Leaving the pictures aside, restate all of the data exactly.

> [DATA BLOCK]:
* * * * * * * * *

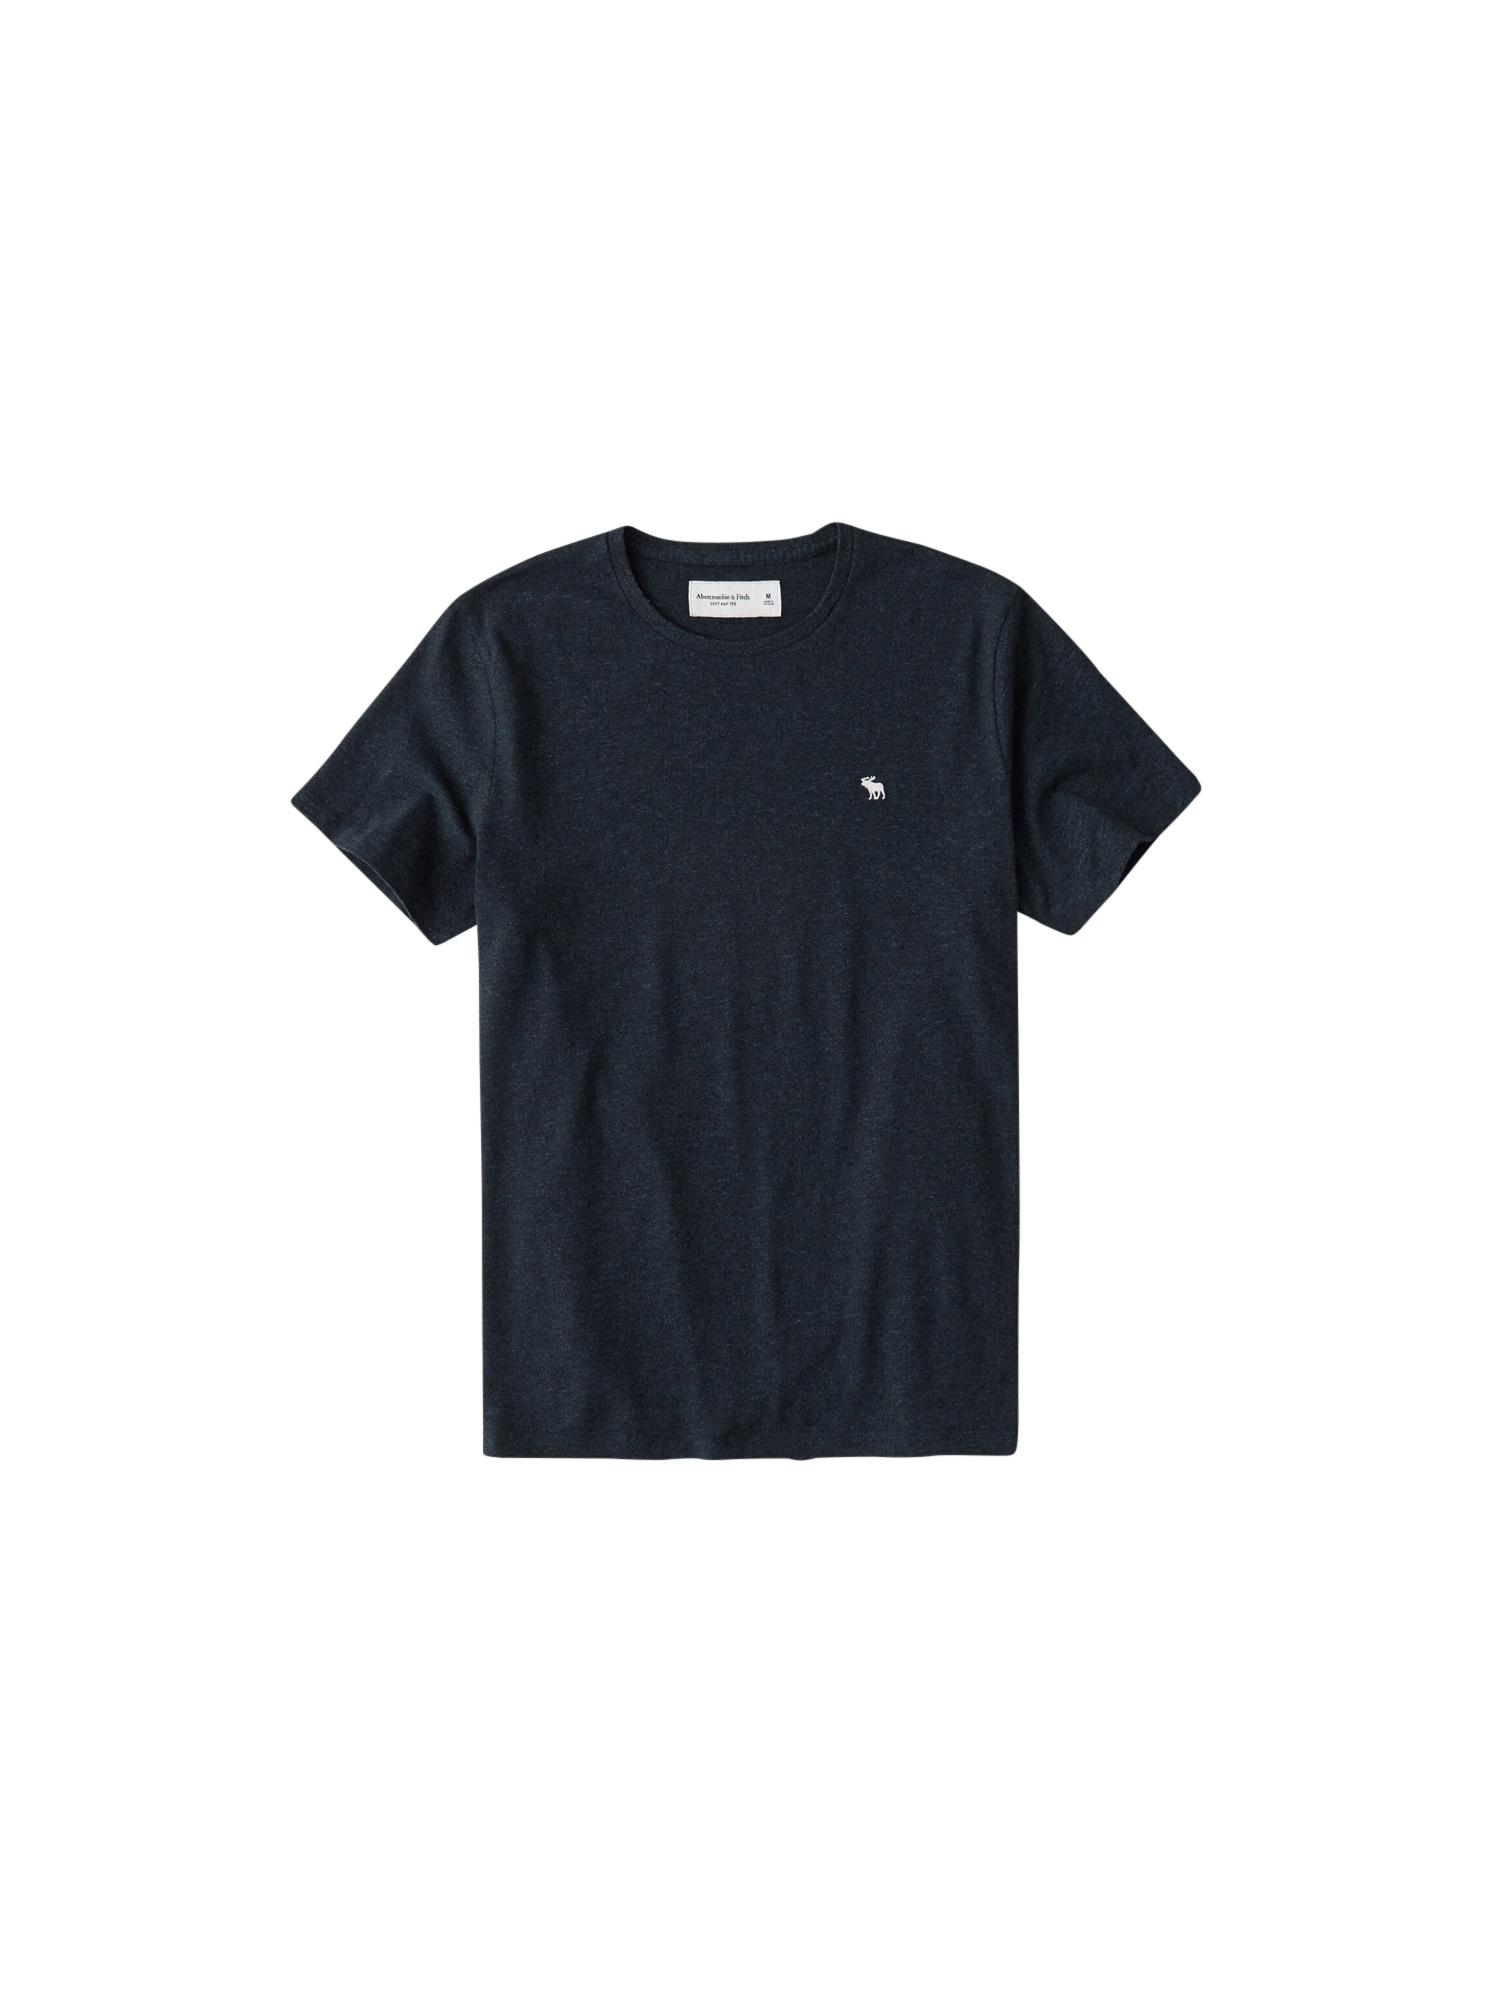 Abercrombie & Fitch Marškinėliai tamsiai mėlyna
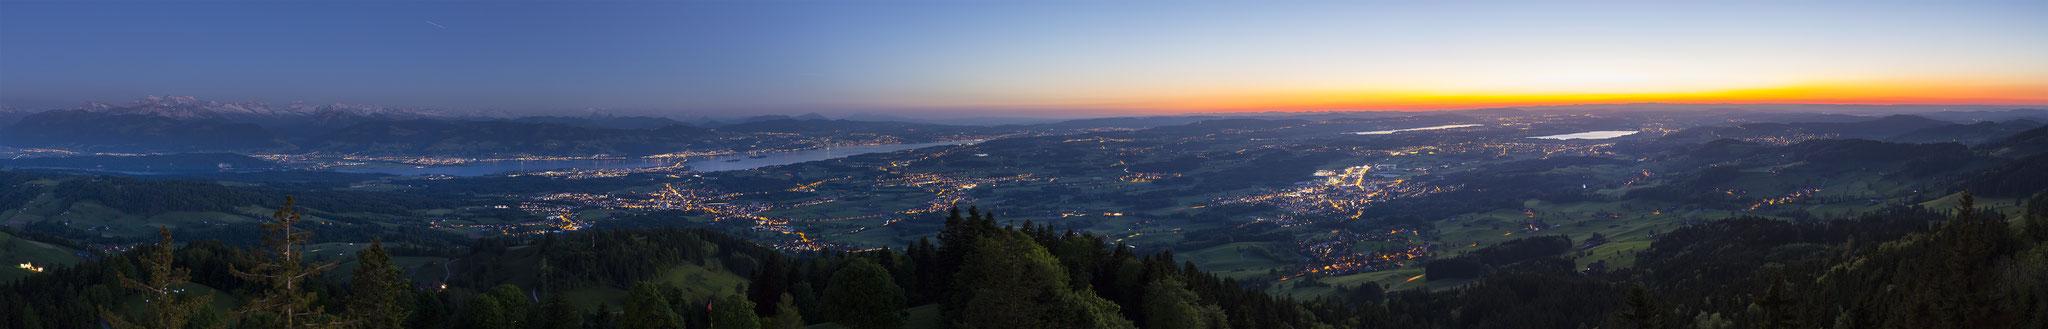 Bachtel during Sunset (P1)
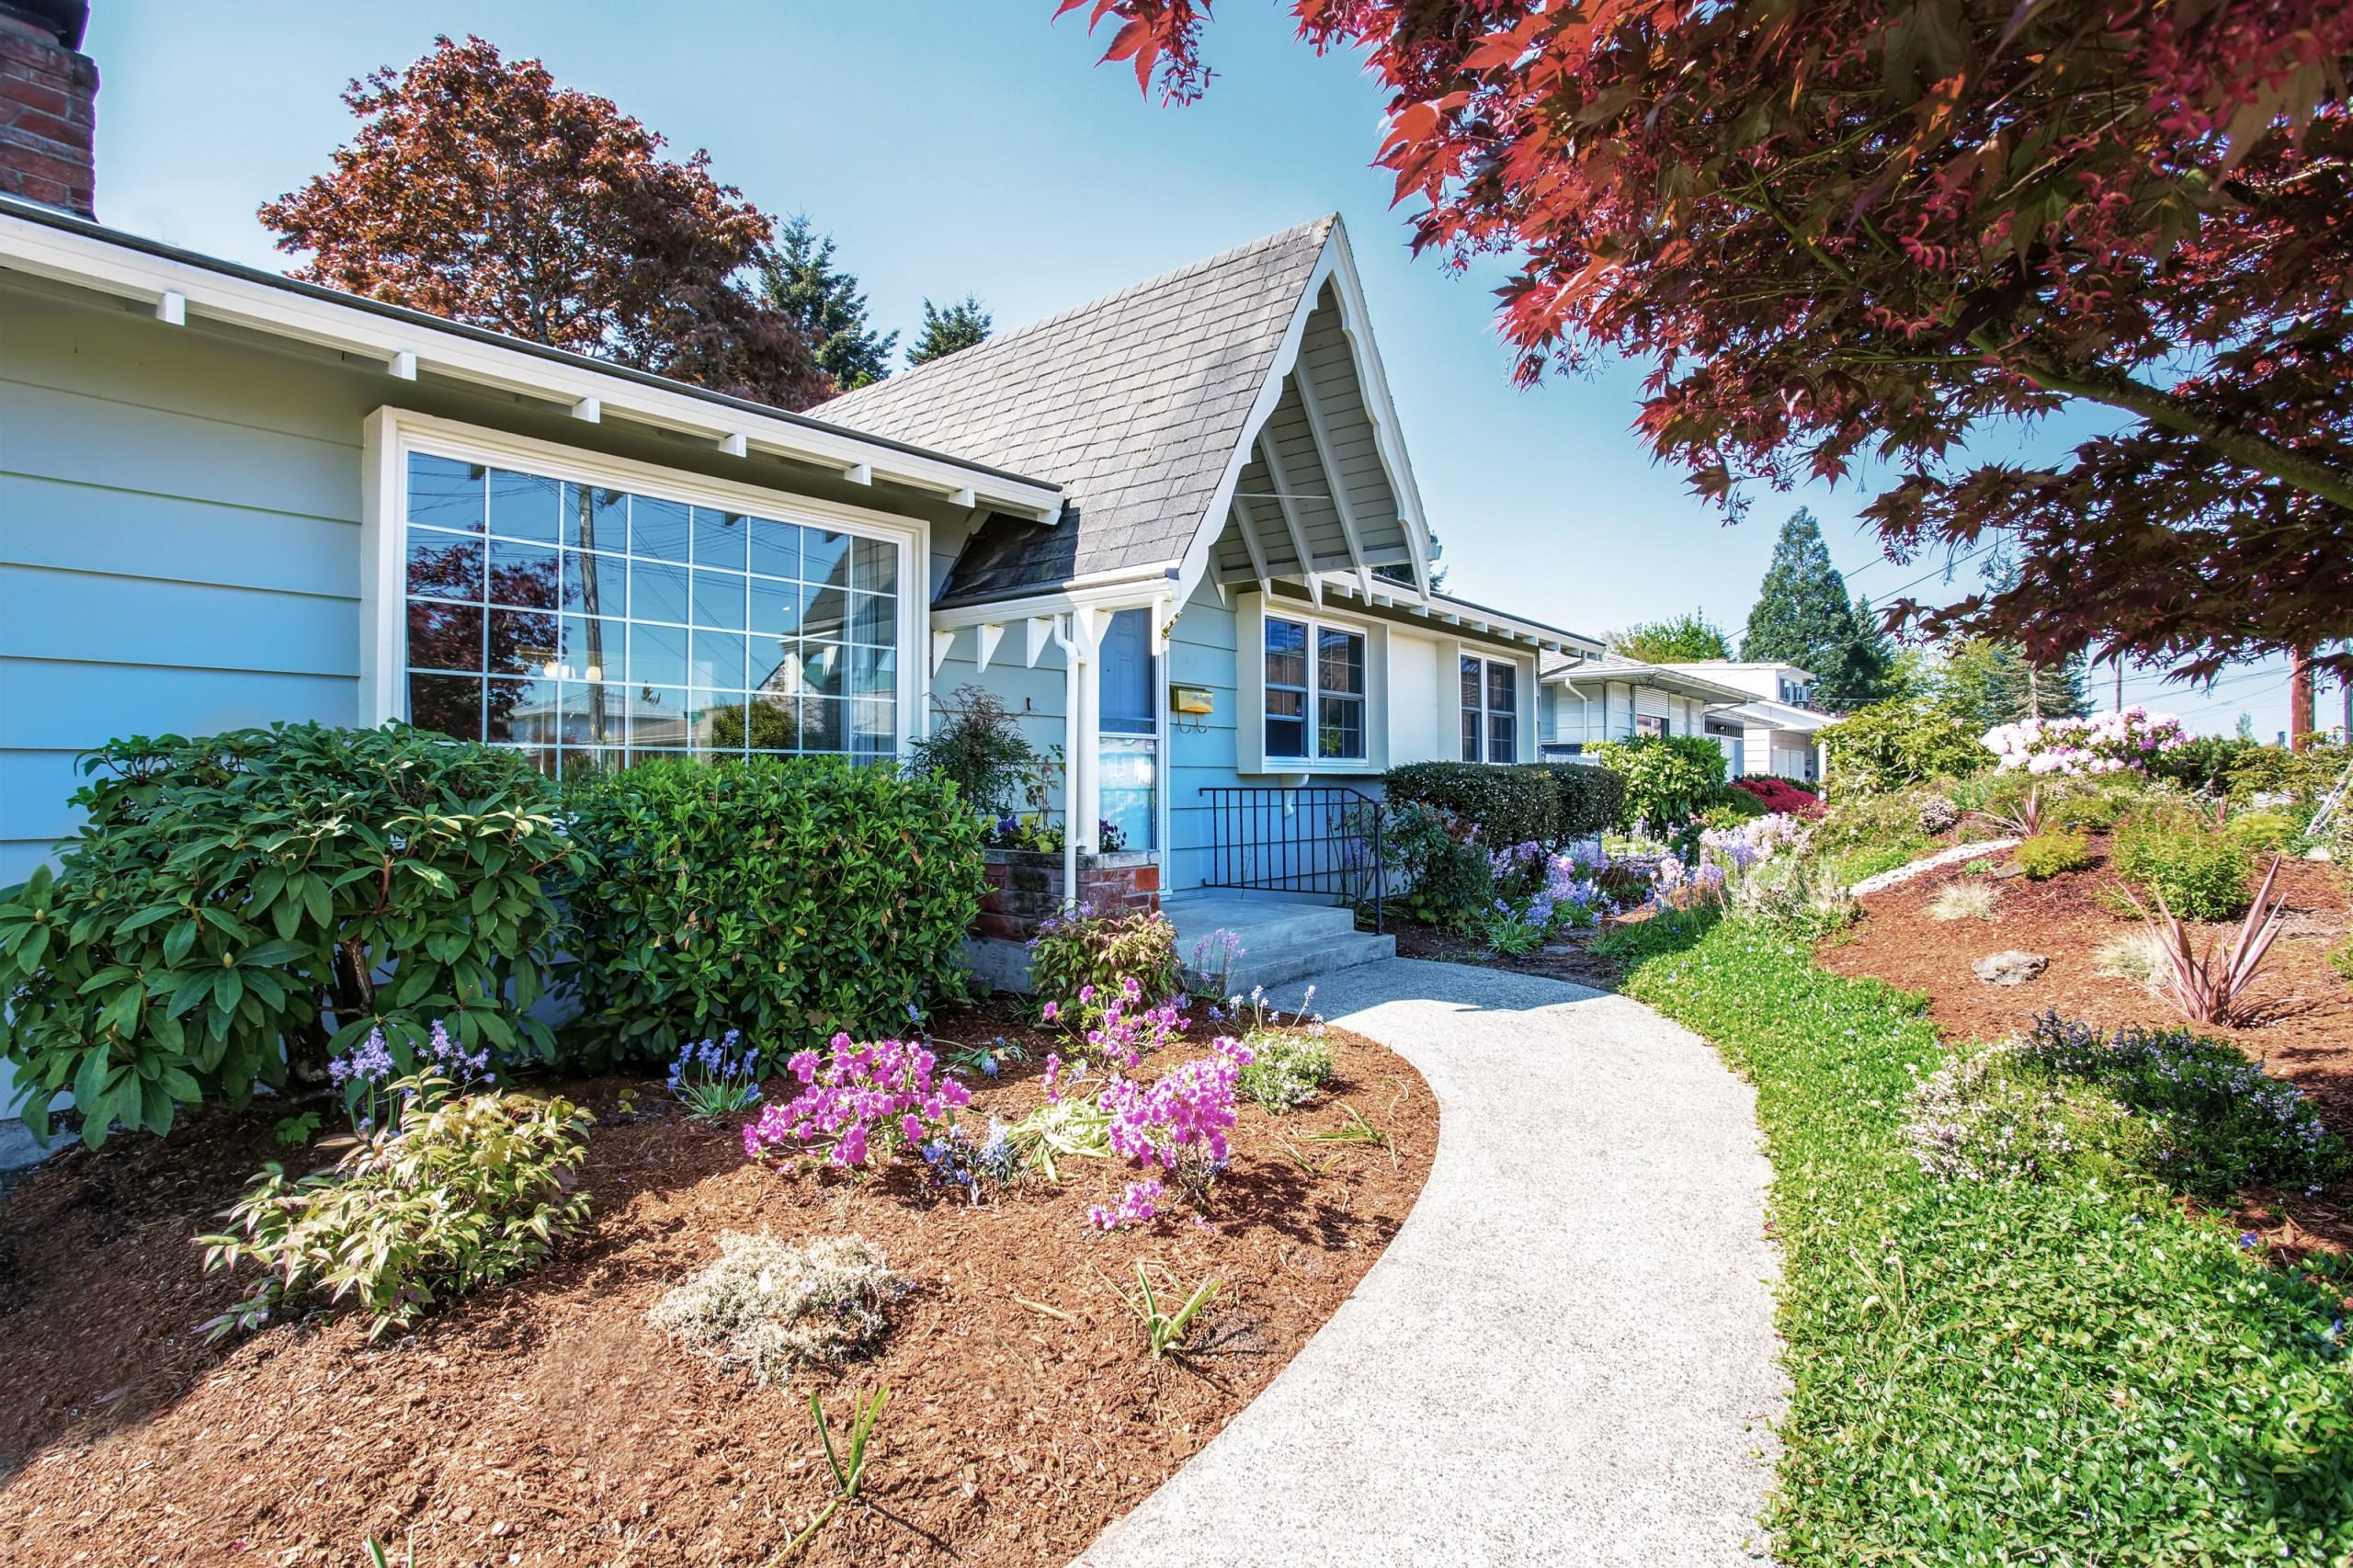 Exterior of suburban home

* * * * * * * * *

> [TASK RESPONSE]:
 Abercrombie & Fitch Marškinėliai tamsiai mėlyna
 Bachtel during Sunset (P1)
 Exterior of suburban home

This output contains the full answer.